RECORDS FOR PROCESSING.

------------------------

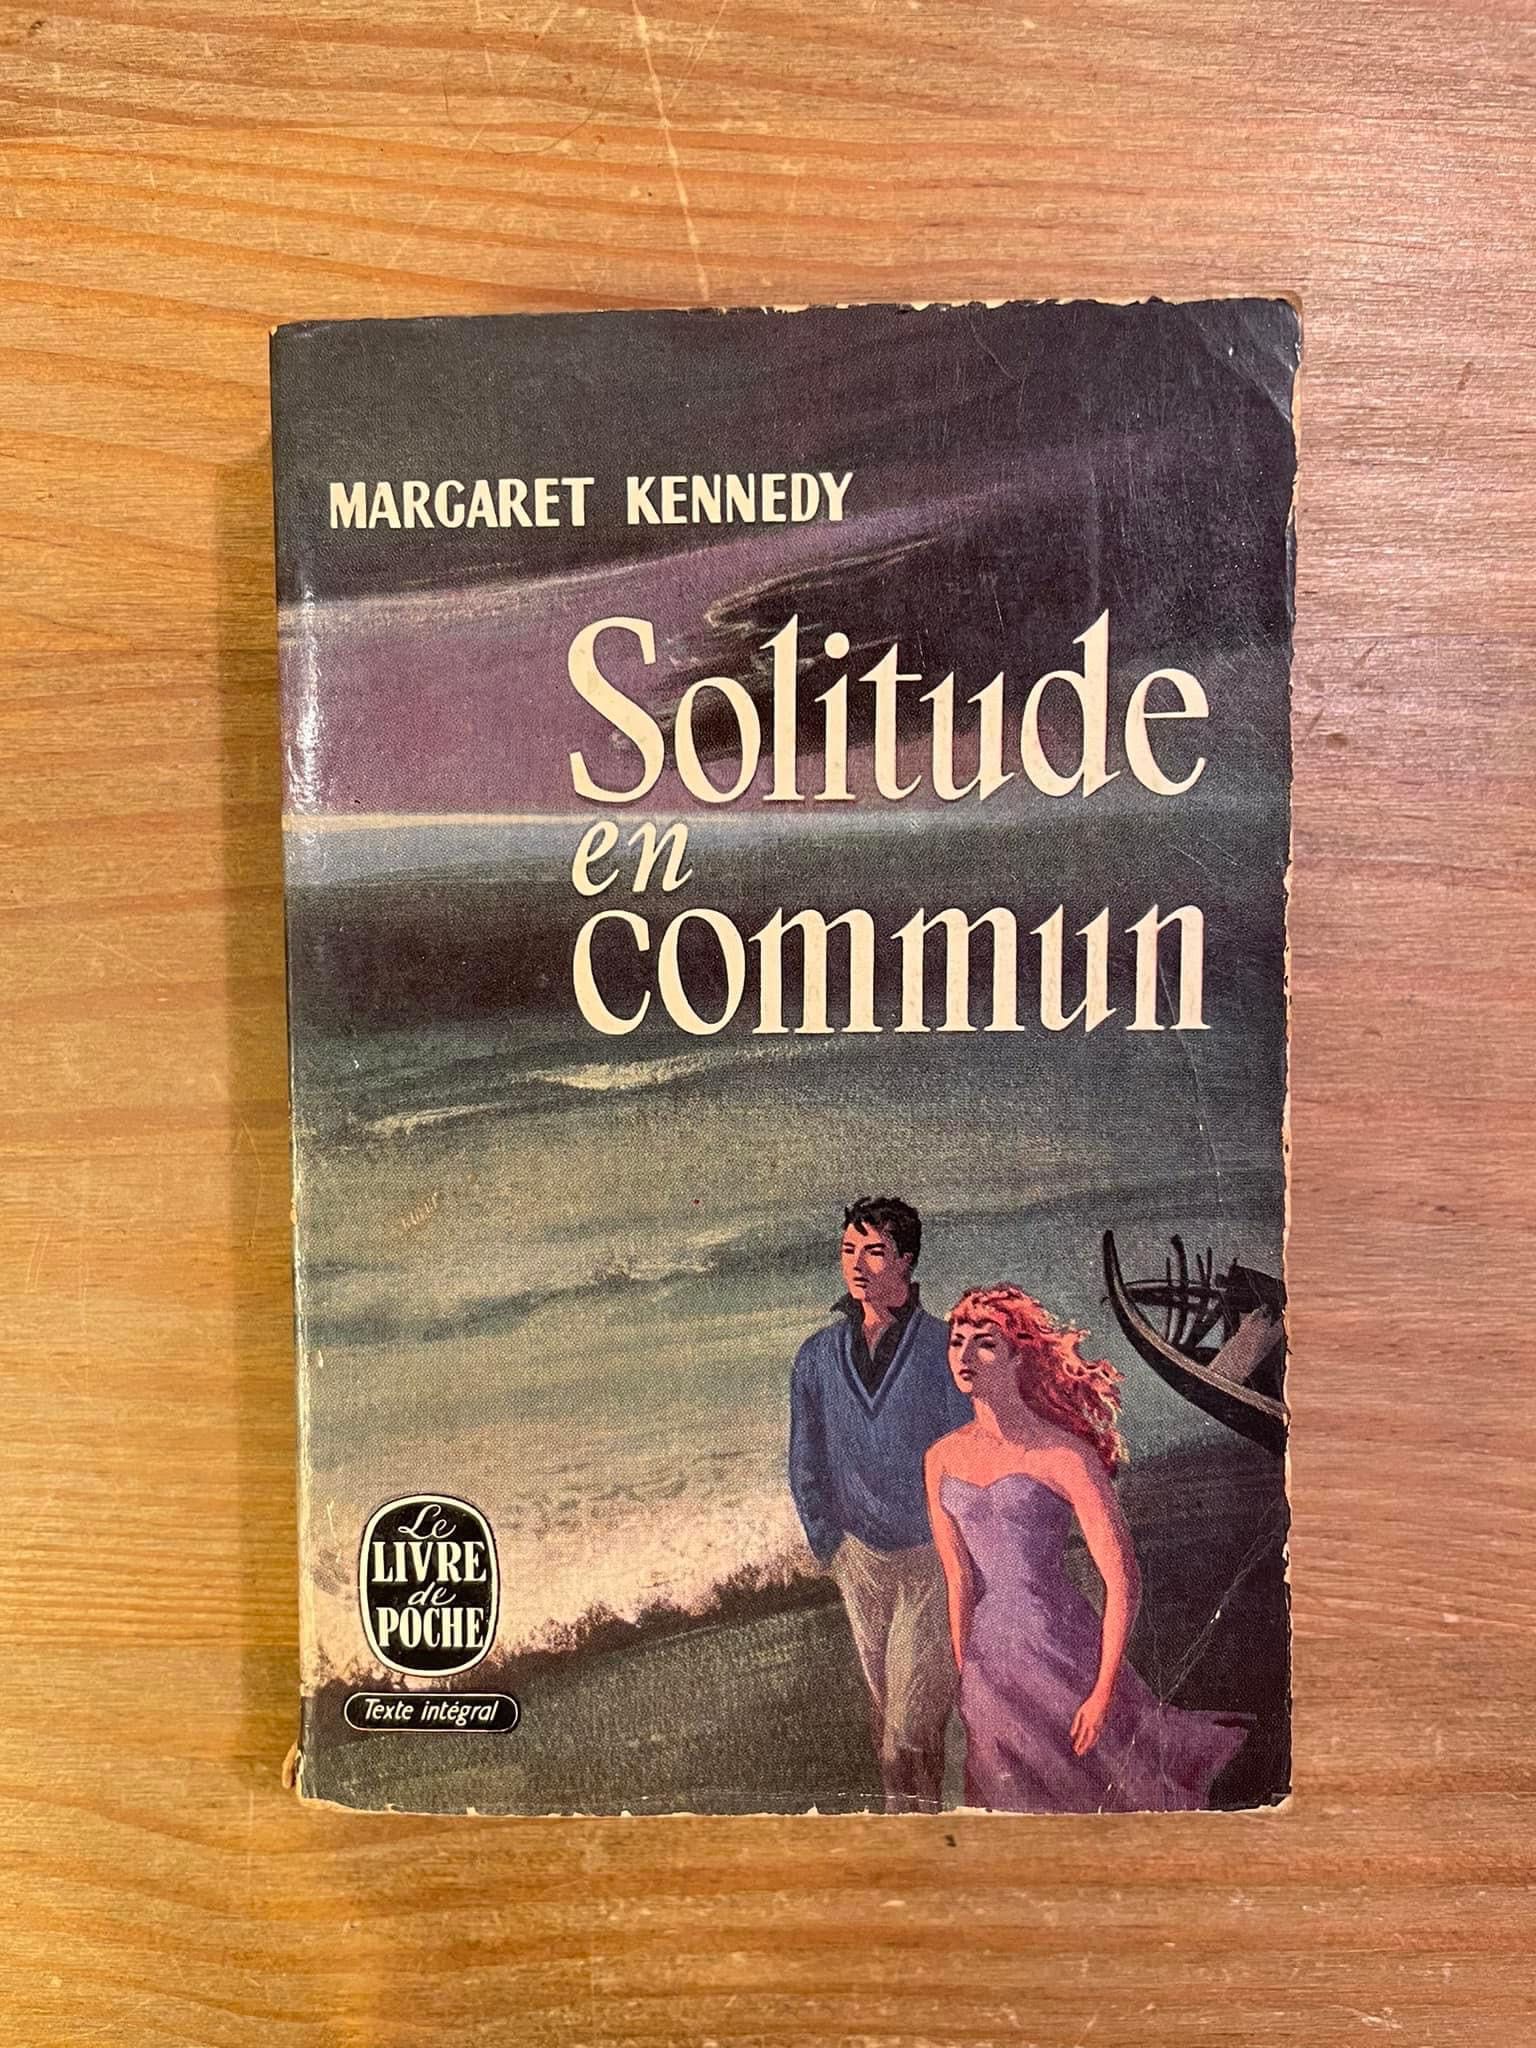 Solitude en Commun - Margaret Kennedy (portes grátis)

------------------------

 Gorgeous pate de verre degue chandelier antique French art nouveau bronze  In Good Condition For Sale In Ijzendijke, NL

------------------------

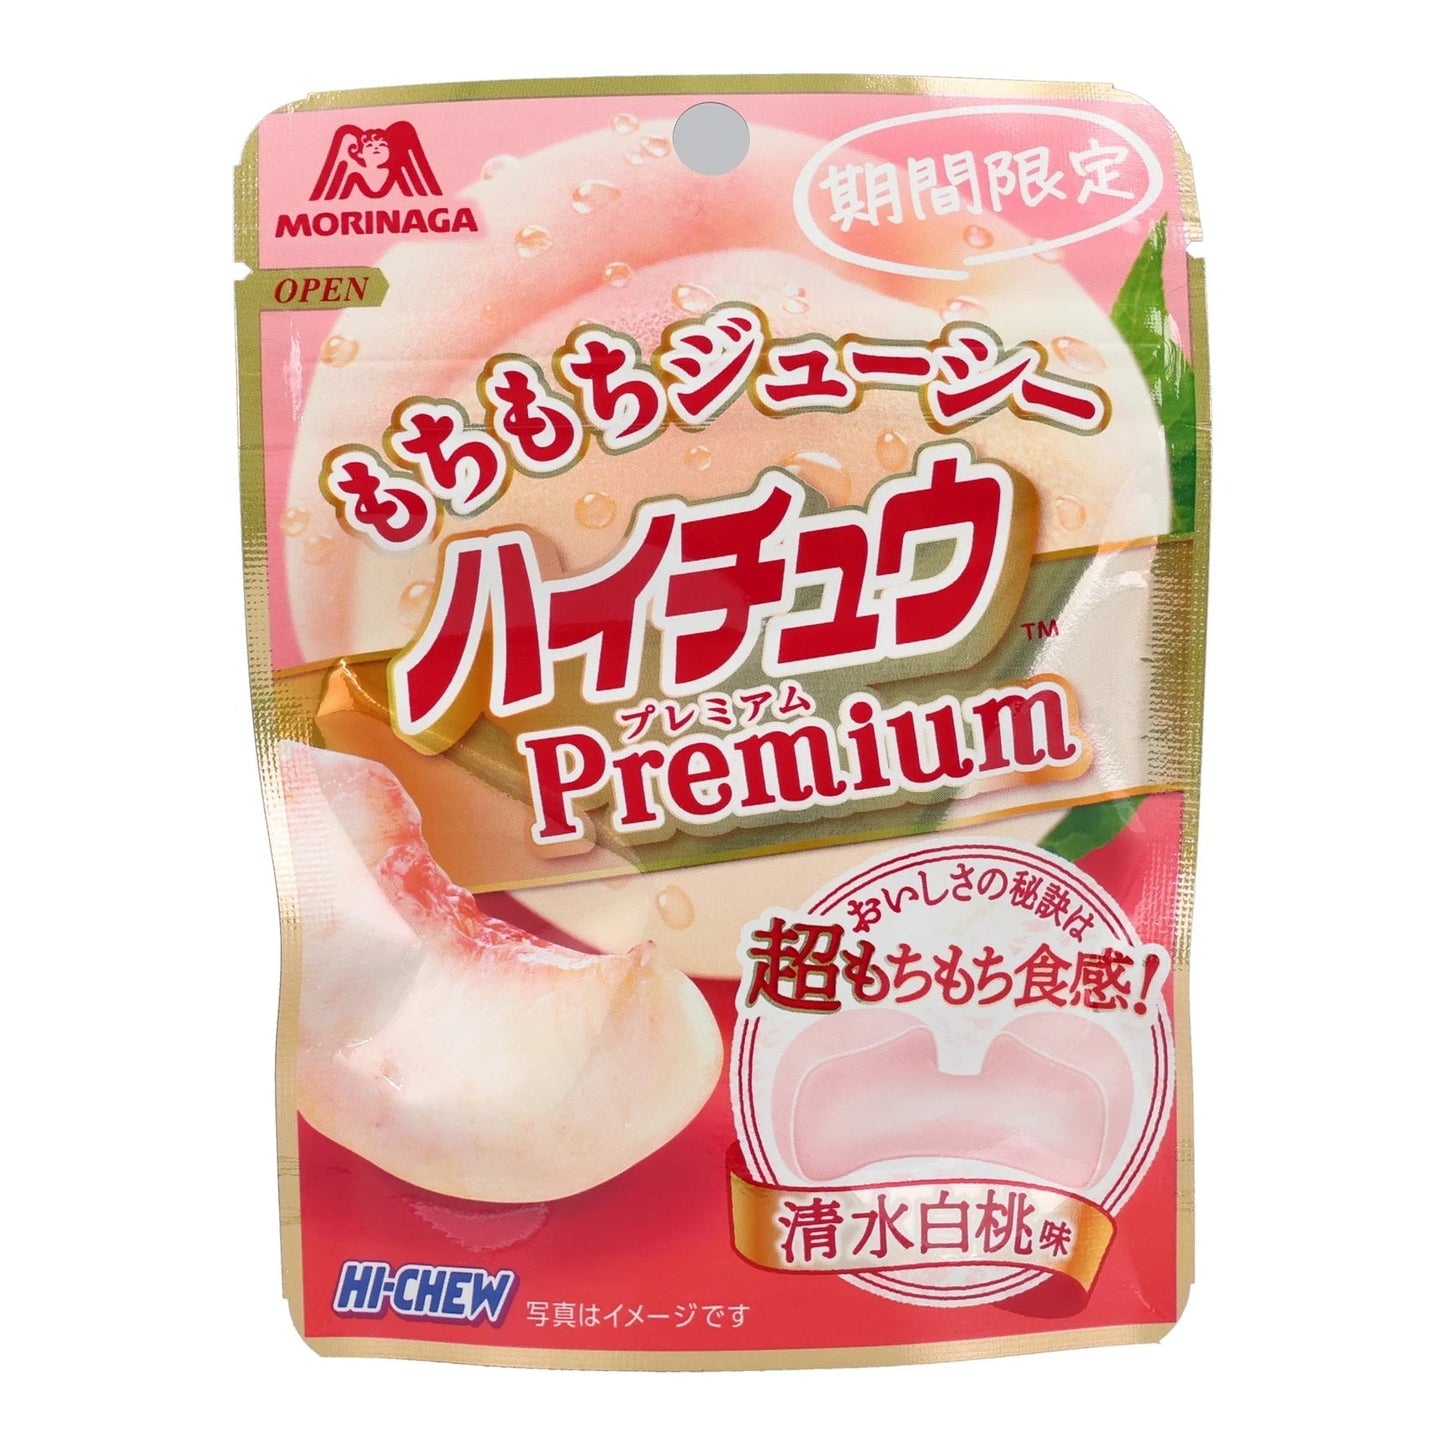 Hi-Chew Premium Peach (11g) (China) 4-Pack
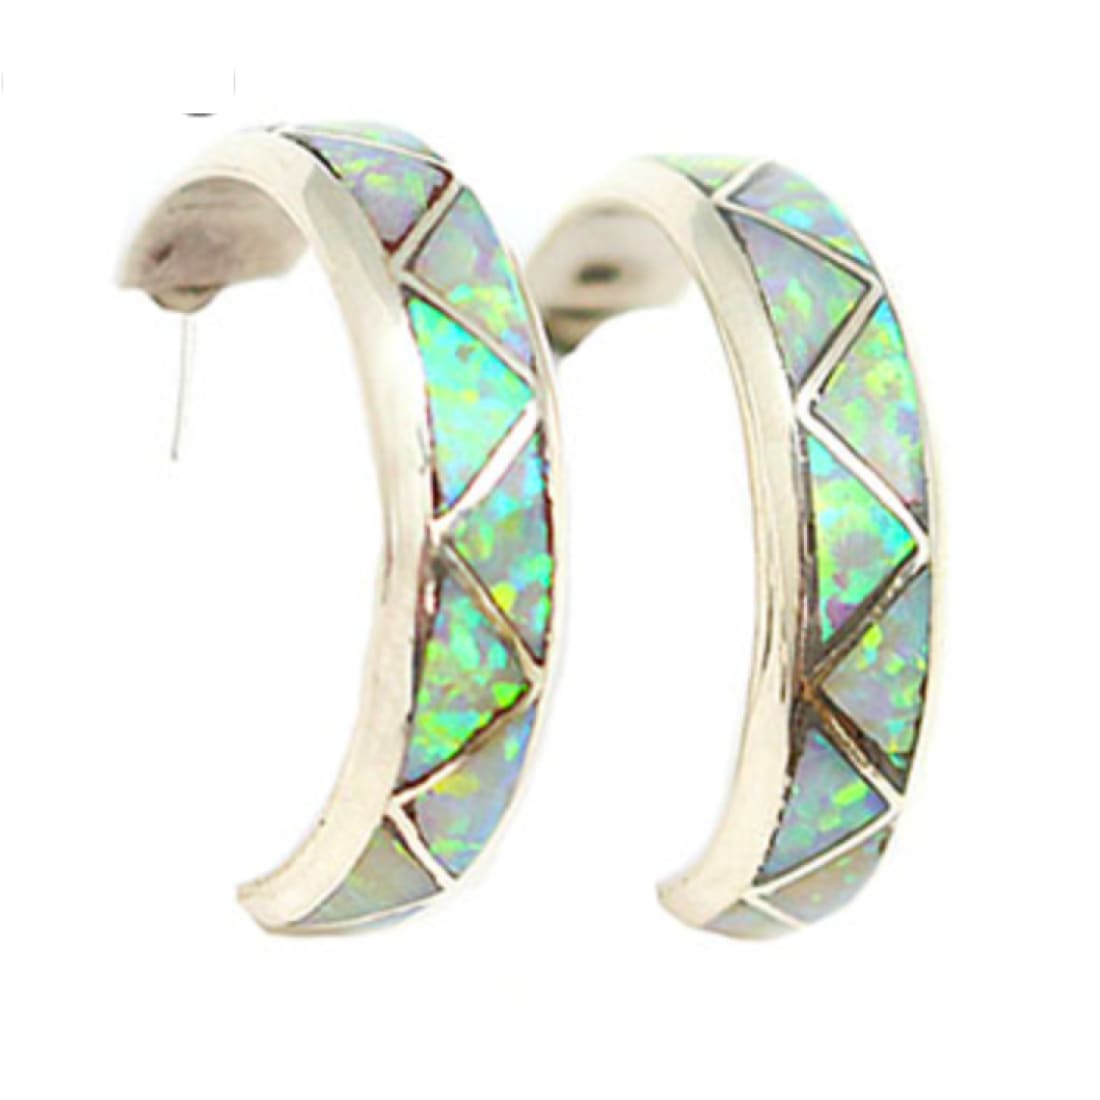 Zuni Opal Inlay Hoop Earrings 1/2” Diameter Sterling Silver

------------------------

DIRECTIONS.
In the material above, one part opens with the line containing "Hi-Chew Premium Peach (11g) (China) 4-Pack" and closes with the line containing "Zuni Opal Inlay". Write out that part exactly and skip its pictures.

OUTPUT FOR THIS EXERCISE.
 Hi-Chew Premium Peach (11g) (China) 4-Pack
 Zuni Opal Inlay Hoop Earrings 1/2” Diameter Sterling Silver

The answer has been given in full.